Weird Abstract Photos That Look Like Incomplete Memories

Photography and memory have an interesting, even intertwined relationship. Each is critical to how we view our past, yet an unreliable record of what truly happened. Patricia Voulgaris was inspired by the analogy between lapses in our memory and the things unseen just beyond the frame of a photograph. Her abstract photo sculptures illustrate what […]

Photography and memory have an interesting, even intertwined relationship. Each is critical to how we view our past, yet an unreliable record of what truly happened.

Patricia Voulgaris was inspired by the analogy between lapses in our memory and the things unseen just beyond the frame of a photograph. Her abstract photo sculptures illustrate what our spotty, or downright faulty, recollection of a specific moment might look like. Splintered shapes and colors are layered over and interlocked with recognizable elements like geometric patterns or an errant body part.

“I base a lot of my images off of ideas and things I’ve been thinking about, like memories from my childhood, and I sort of break them down and create them into these graphic sorts of abstract images,” says Voulgaris, whose Fragments series won the PDN Grand Prize for mixed media this year. “I’m very interested in what you actually remember versus what your mind creates, and the sorts of voids you might have in your head.
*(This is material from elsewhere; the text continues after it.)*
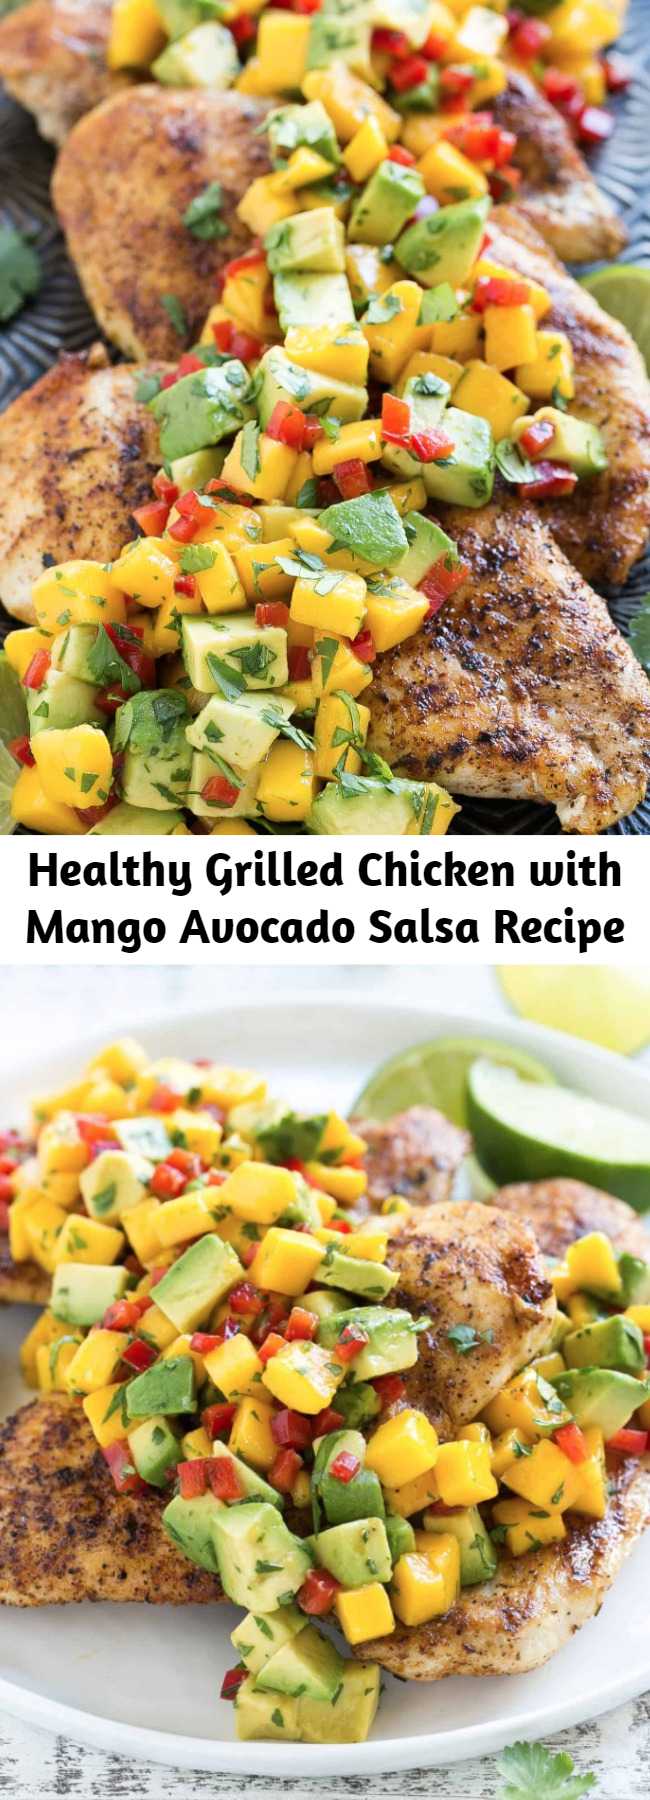 Healthy Grilled Chicken with Mango Avocado Salsa Recipe - Healthy and simple Grilled Chicken made with a super delicious Mango Salsa recipe. It’s important to dress things up around the dinner table and this recipe is a good place to start. Adds some twist and flavor to your chicken recipe.

Some things might not be clear---the truth is kind of obscured in that way and I’m interested in investigating that more.”

Each image is a unique arrangement of the familiar and the vague, intricately composed with a subtle interplay of line, form, light and shadow. Voulgaris drew inspiration from contemporary artists currently experimenting with abstraction, and has developed her own visual style that seems to peer into someone's frontal cortex. Voulgaris works at home with a single light, whatever materials she has on hand, and the occasional patient family member. She'll spend hours arranging her sculptural assemblages and shooting frames until a satisfying image emerges.
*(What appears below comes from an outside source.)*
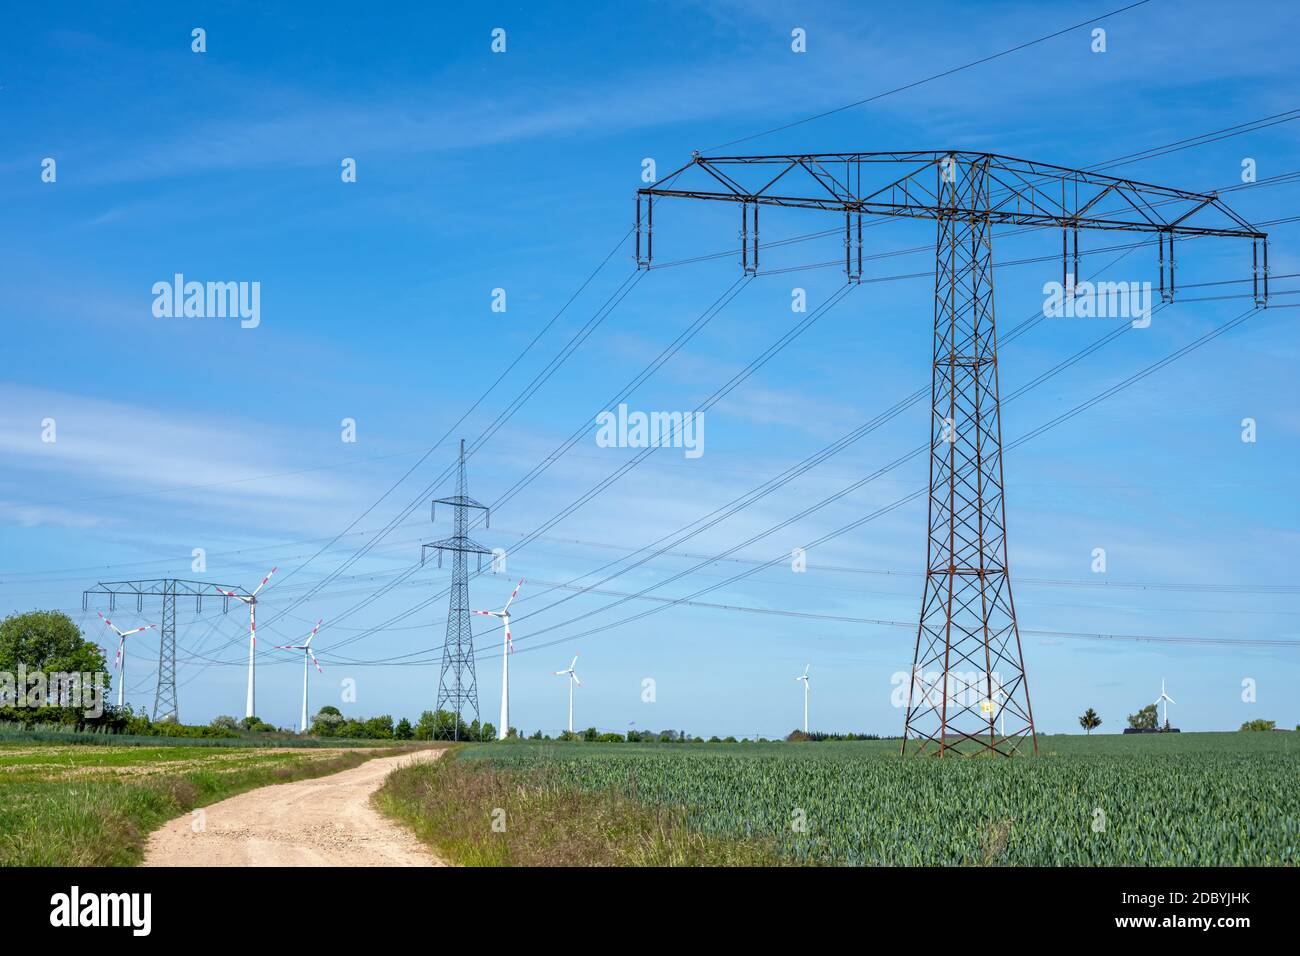 Overhead power lines and some modern wind turbines seen in Germany Stock Photo

“A lot of it is construction and reconstruction in my process," she says. "It’s a lot of work. I cover the walls with paper, scraps, anything that I can find. Sometimes I even get my mom to model, my friends, people that I know that are just comfortable having paper on them for semi-long periods of time, while I kill myself with the lighting.”

This body of work, which appears at Photoville in NYC September 18-28, is divided between the black and white images of Fragments, and the color images of Hidden in Plain Sight. Before becoming interested in creating ambiguous sculptural images, Voulgaris had like many photography students been pursued more traditional portraiture. She woke up one morning after her first year at New York’s School of Visual Arts (she graduated in 2013) feeling an urge to embrace abstraction.

“I’ve always been interested in abstract photography but I never really took the initiative to do it the way that I wanted to," she says. "And one day it just clicked within me … I don’t know, I just woke up one day and I started making black and white abstract photographs, it was just the strangest thing, it’s still strange to me today.”